Было уже три часа ночи, когда Горич вернулся домой. Иван Иванович, поджидая сына, дремал в кресле с Нибуром в руках. Горич, не проронивший ни одного слова из вчерашнего разговора, передал его во всей подробности отцу и желал узнать его мнение.
- Вот видишь, Яша,- отвечал, подумавши, Иван Иванович: - тут, очевидно, встретились два разнородных течения, и очень трудно решить, на чьей стороне истина. По правде сказать, и там и тут есть доля правды. Но все-таки... если хорошенько вникнуть... и говоря совершенно беспристрастно, я более согласен с графом Хотынцевым,- это государственный человек.

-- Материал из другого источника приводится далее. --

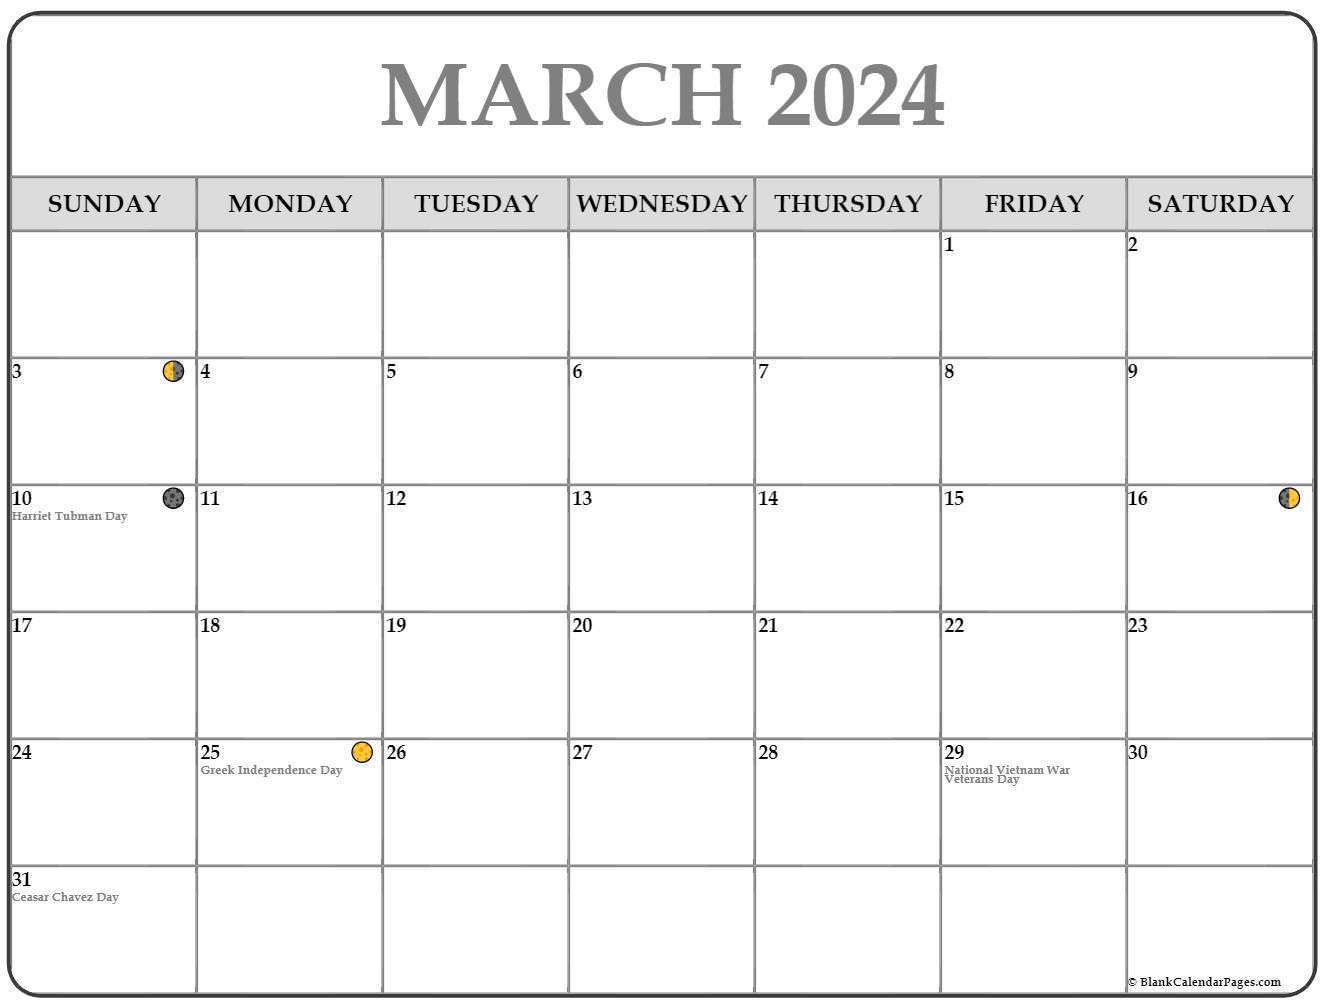 2024 March Lunar Calendar Printable Pictures Peri Trista
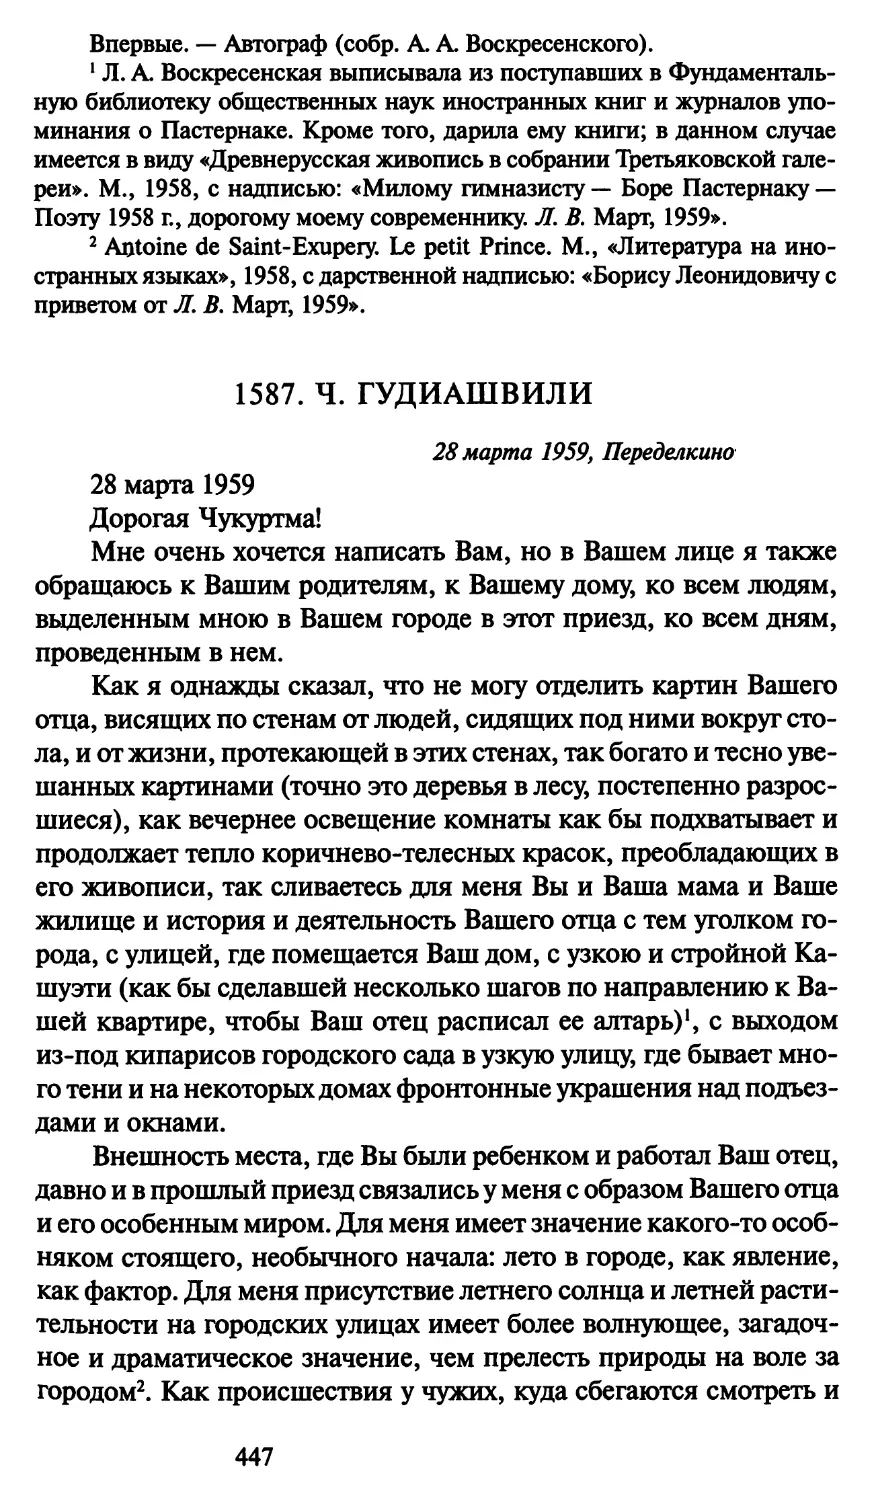 1587. Ч. Гудиашвили 28 марта 1959

Яша невольно улыбнулся такому беспристрастию: он не передавал отцу ни одного мнения графа Хотынцева, который молчал весь вечер.
Впечатление, произведенное смертью императора Николая в России, было действительно громадно. Сначала это был какой-то ошеломляющий удар, какое-то чувство вроде того, что вся жизнь прекратилась, что вот-вот сейчас все погибнет. Потом, после первых минут столбняка, русским обществом овладело лихорадочное, неудержимое желание высказаться. Казалось, что вырвавшаяся из-под гнета мысль силилась наверстать долгие годы невольного молчания. И чем дальше от Петербурга, тем впечатление это было сильнее. Защитники Севастополя узнали о кончине своего царя от врагов. В двадцатых числах февраля, после однбй жаркой вылазки, было заключено трехчасовое перемирие для уборки тел. Во время этого перемирия французские офицеры передали нашим роковое известие, дошедшее до них по подводному кабелю. Наши не поверили и увидели в этом хитрую уловку, изобретенную врагами для того, чтобы их смутить. Официально севастопольцы узнали о кончине императора только 28 февраля, но, если французы действительно думали их смутить, расчет их оказался неверен: уже в ночь на 3 марта волынцы и камчадалы (как звали в других полках Камчатский полк) доказали зуавам64 на деле, что никакое известие не могло их поколебать и изменить неприятный образ действий.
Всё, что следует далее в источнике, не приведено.